From Bloomberg

IFM Global Infrastructure Fund agreed to acquire Buckeye Partners LP, a U.S. owner and operator of oil pipelines and terminals on the East Coast and Gulf Coast, for $6.5 billion.

The Australian fund said Friday it will pay $41.50 for each unit of Houston-based Buckeye, a master limited partnership that has 6,000 miles of pipeline and associated tanks and terminals. The offer represents a 27.5% premium to the closing unit price on Thursday.

The deal is the first full takeout of a pipeline MLP amid a rush of private-equity money into the industry, according to Hinds Howard, a portfolio manager at CBRE Clarion Securities LLC.

MLPs, the structure used by many oil and gas companies to hold their pipeline businesses, have taken a beating in the public equity markets in the past year, partly due to a change in U.S. tax policy.
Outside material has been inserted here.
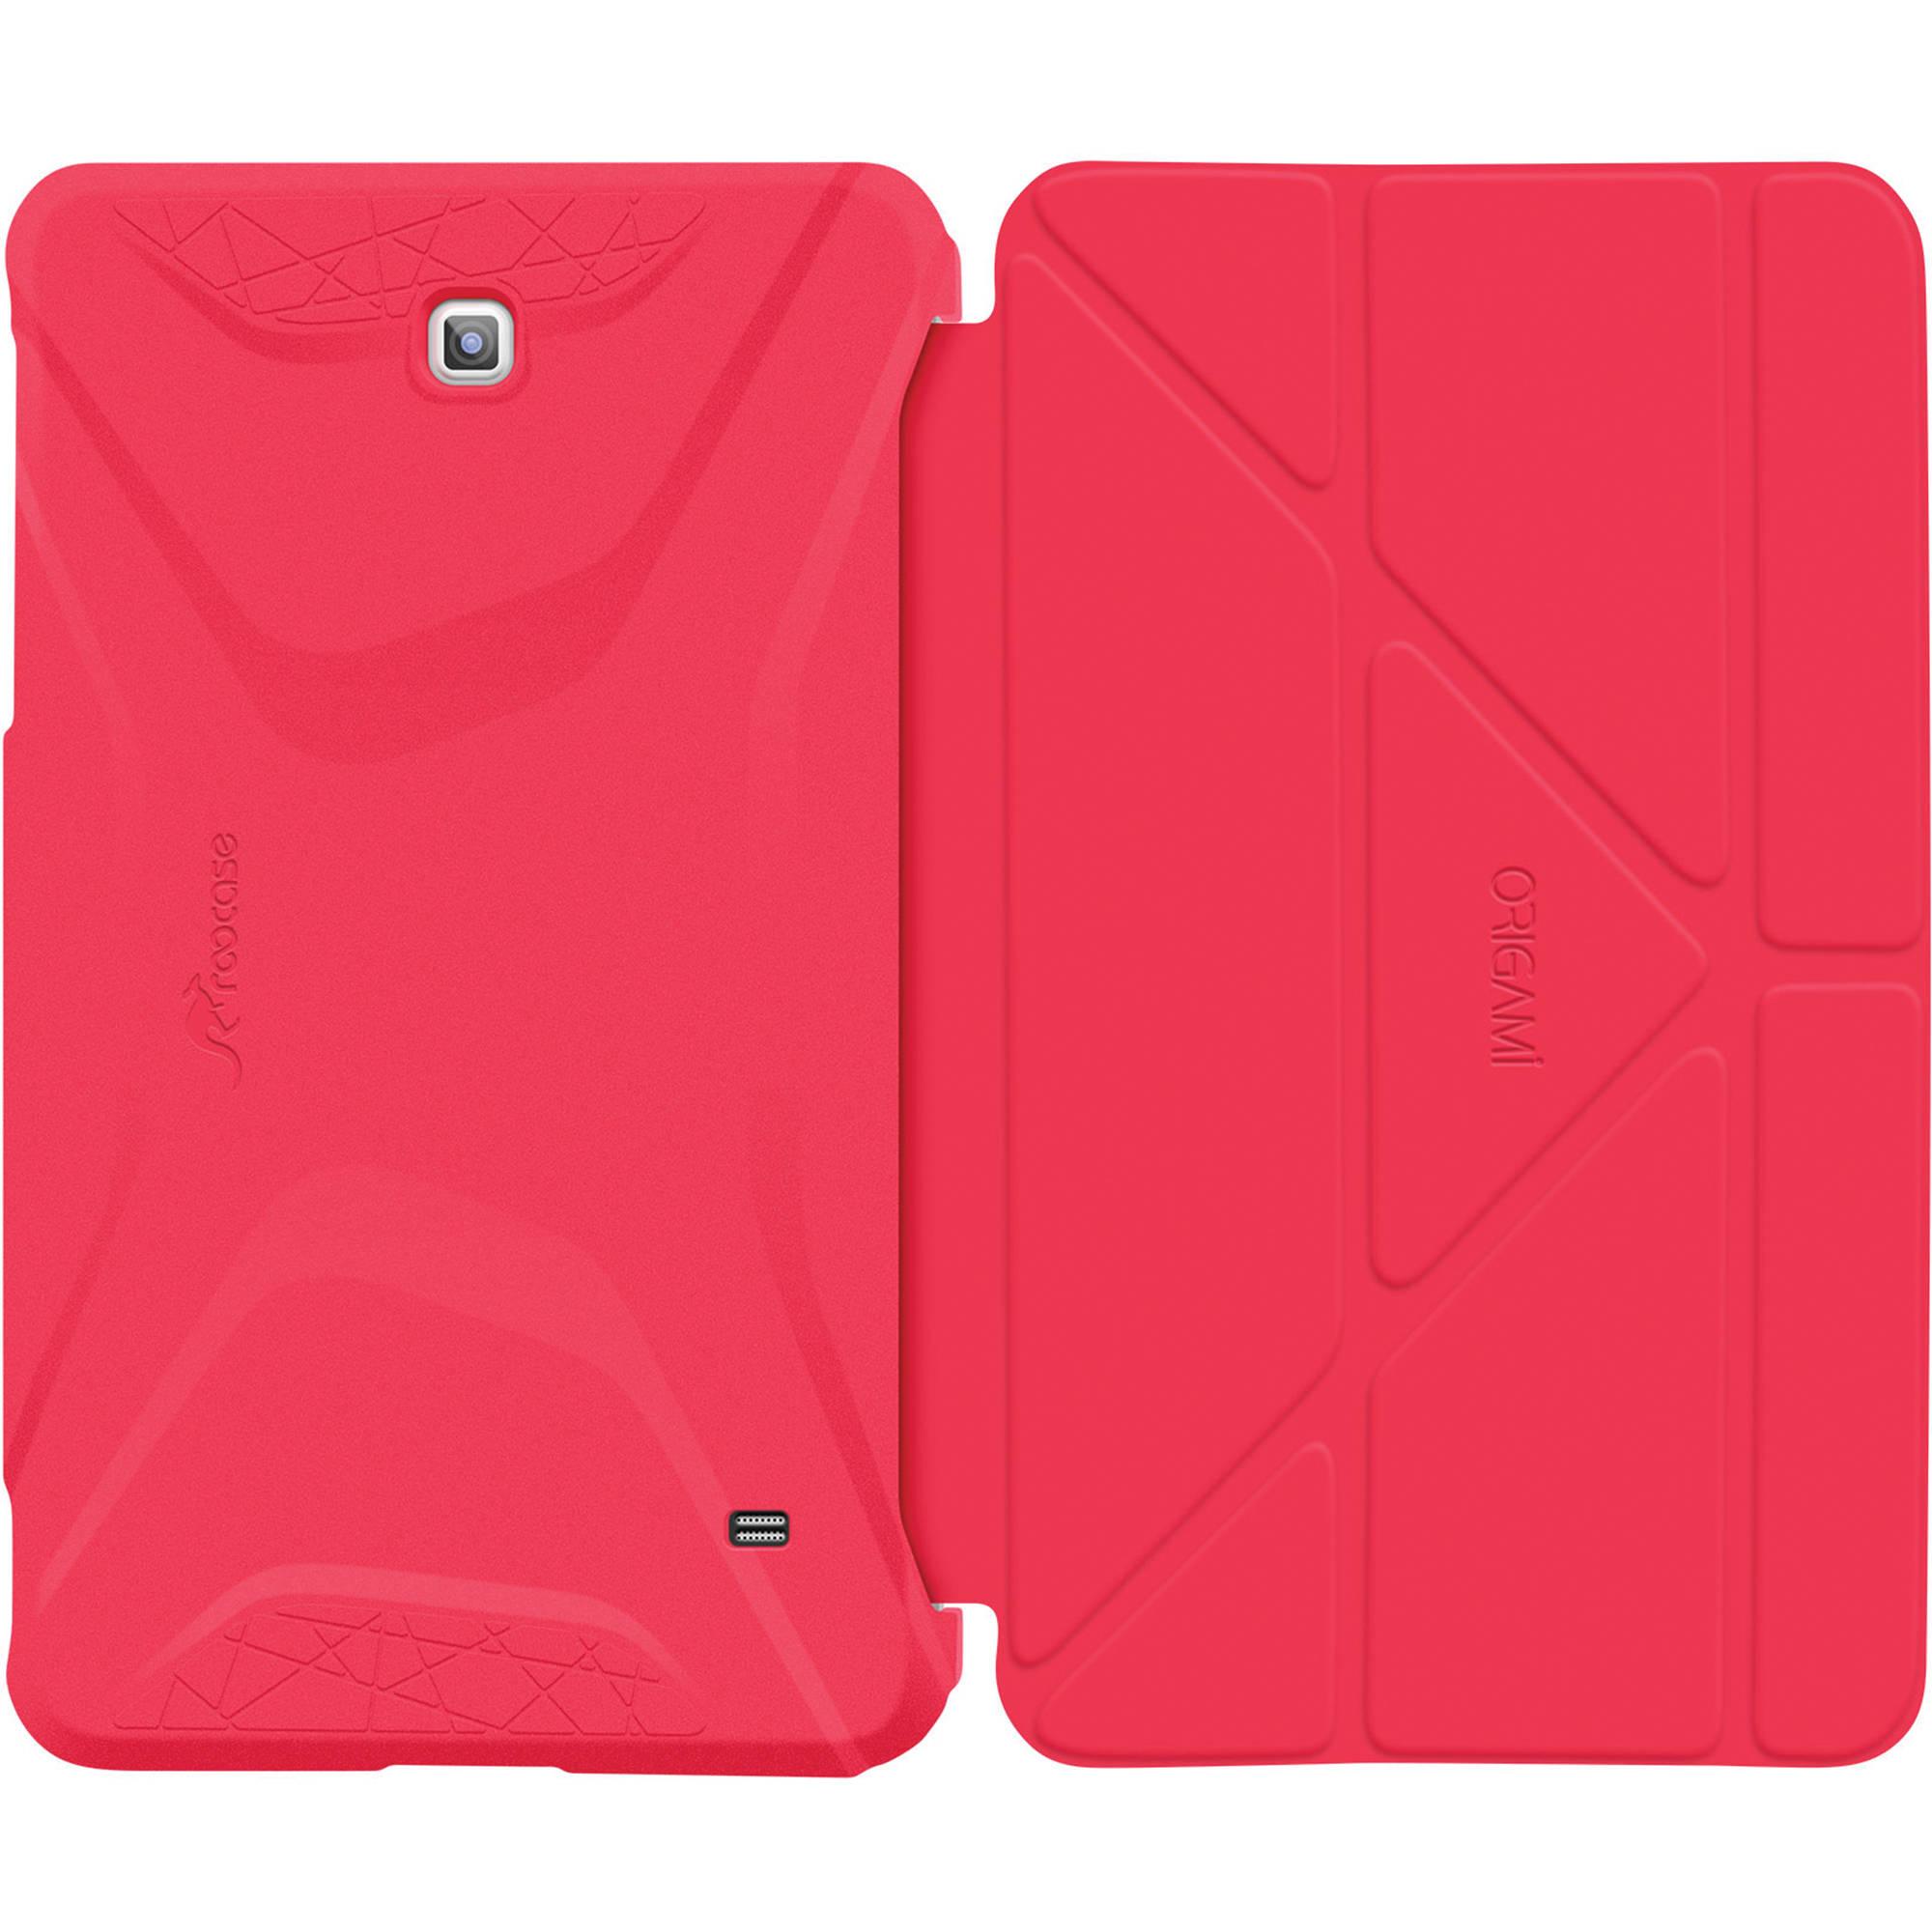 fa9dc4b77b6 rooCASE Origami 3D Slim Shell Folio RC-GALX7-TAB4-OG-SS-PR/RP
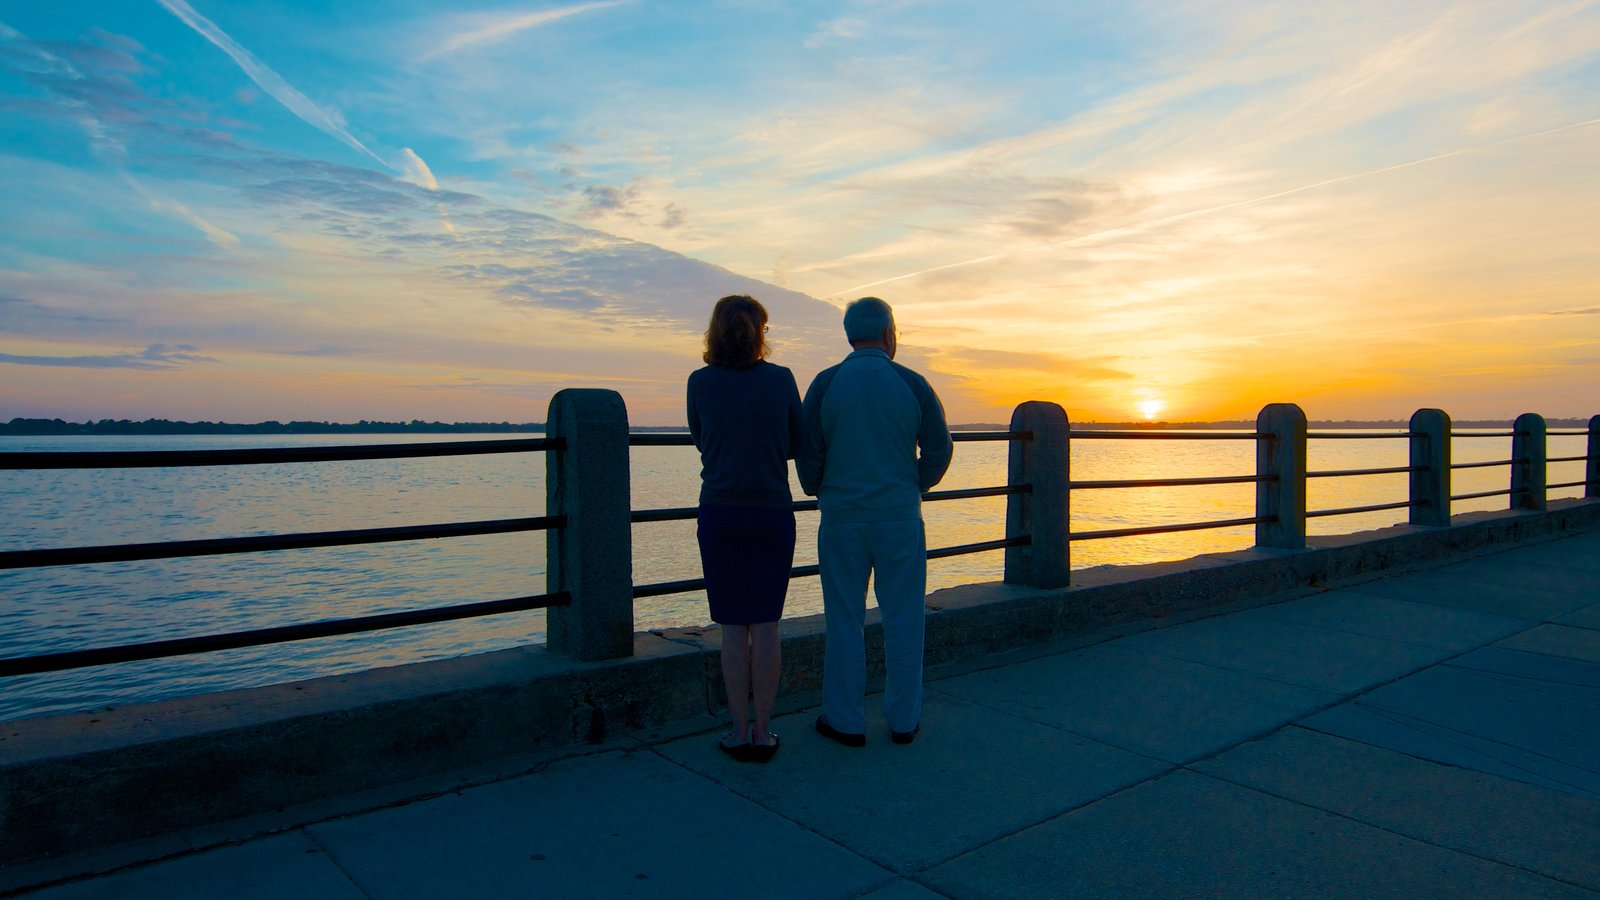 Charleston Waterfront Park caracterizando um pôr do sol e paisagens litorâneas assim como um casal

That’s attracted private capital to the so-called midstream industry instead.

While the buyout of Buckeye is a positive for the sector as a whole, it deals “another blow to the MLP structure, which loses its fifth-largest remaining MLP,” Howard said. That “will make it even more challenging for asset managers focused specifically on MLPs to put money to work.”

IFM had A$126.8 billion ($88.8 billion) under management as of March 31, according to its website. It’s a well-known infrastructure player with a “huge backlog of capital they need to deploy,” Howard added. “This deal allows them to do that.”

Buckeye said last year it was considering strategic options. That led to the company divesting storage and pipeline assets, included the sale of the company’s stake in VTTI BV back to a Vitol investment vehicle and IFM for $975 million after buying it in 2017 for $1.15 billion.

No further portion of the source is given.